Monk gave a short, mirthless laugh. "How's Payton work his business?"
"The usual way. Buys powder cocaine from a dealer, in kilos, and then turns it into rocks.
"But his dealer's only going to sell powder in significant quantities. So there's economic pressure for Payton to keep selling enough rocks to buy the next batch of powder, even if he has to sell them on consignment.
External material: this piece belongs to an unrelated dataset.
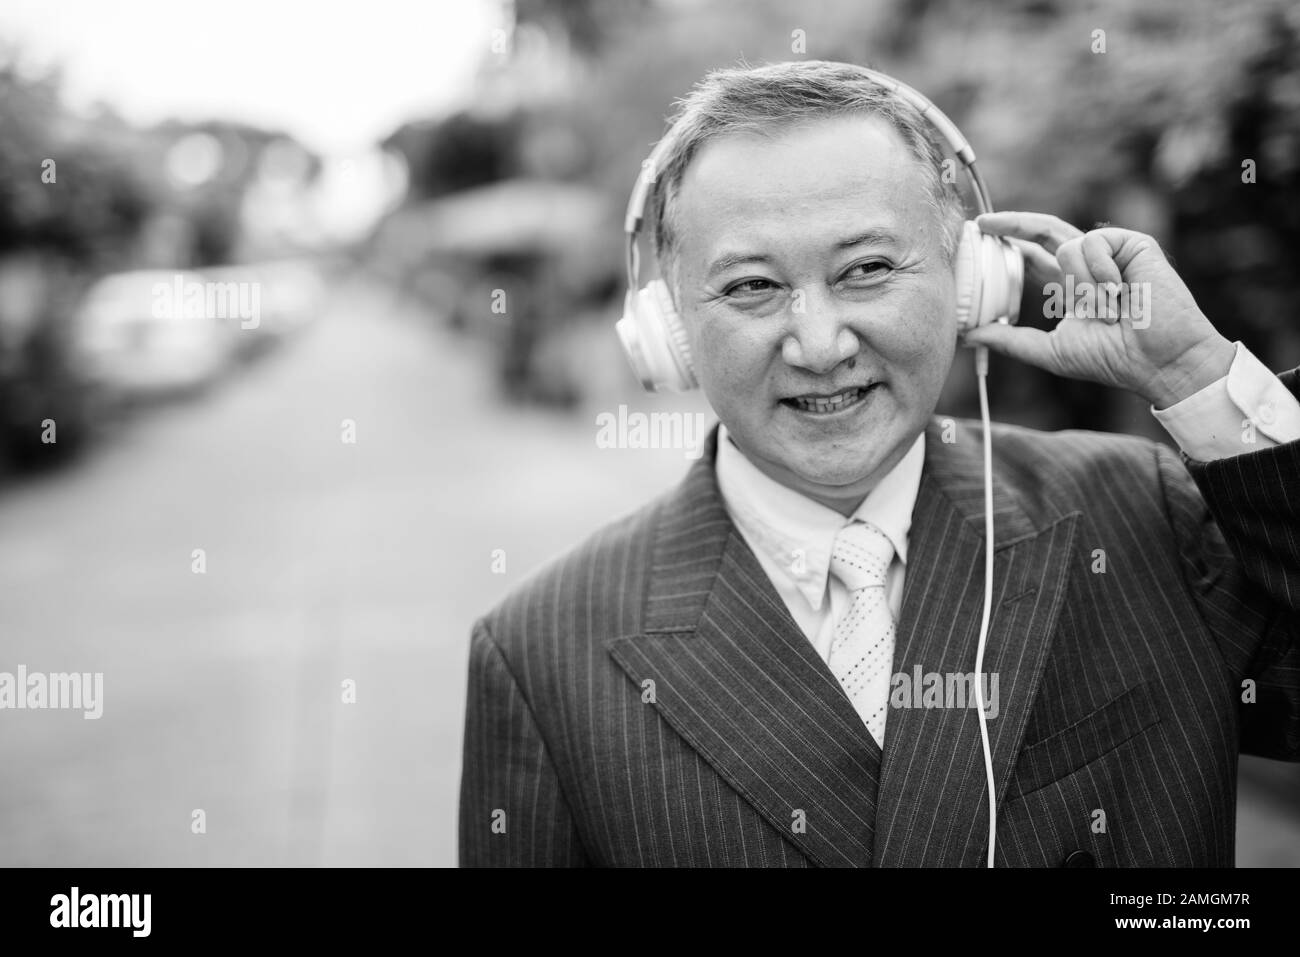 Ritratto di uomo d'affari asiatico maturo indossando il vestito mentre ascolta la musica nelle strade all'aperto Foto Stock

"He sells through a franchise of twenty or so street dealers—juveniles, people someone vouches for, anyone he thinks he can trust at all. That insulates him from the danger of hanging out on the corner drinking beer and mingling with the crackheads, maybe getting killed for the rocks or cash in his pocket." Minnehan tugged his Notre Dame sweatshirt down over the small protuberance of his belly. "You can sell a dozen rocks for maybe one fifty. Payton will want the money up-front. But if someone says he's short till Monday, and Payton's under pressure, he'll maybe have to trust him. For that you need muscle, a collector. Just what Rennell was born for."
Listening, Monk felt a weary familiarity, the inevitable arc in the lives of the two boys who had grown up across from Flora Lewis. Crack was the first business kids learned in the Bayview. It is tough to sell powder cocaine on the street—the customers are cynical, and can't be sure what they're getting isn't cut with sugar or salt. But any twelve-year-old can take powder, combine it with baking soda and water, then cook it into rocks a buyer can sample and know—from the first rush hitting his bloodstream—that it's the real deal. And so kids become both dealers and users—smoking crack for pleasure, dispensing crack for business, and trading crack for sex for the rest of what is likely to be their very brief lives.
"Payton have a girl?" Monk asked.
"Nice-looking boy like that? Always. Plenty of coke whores to go around, even if you look like a fucking gargoyle. Some of these sweet young things would suck the chrome off a trailer hitch."
"So what they need with a nine-year-old Cambodian girl?"
Minnehan shrugged. " 'Cause this whole fucking place is depraved, with a capital D. No rules, no limits, no respect for life or anything which might grow up to have a pussy. Add the crazy sexual rush which comes from smoking crack and see if guys like Payton and Rennell bother with these fine distinctions."
The mention of Rennell reminded Monk that he had not seen the man who, if Flora Lewis was right, had led Thuy Sen to her death. "Show me Rennell," he directed.
Minnehan jabbed at a picture. "Right here. Piss-poor protoplasm for sure."
Monk took it in. Not much to see, he thought—a round, expressionless face, eyes even deader than normal.
"Let's run 'em in," he said. "Both of them."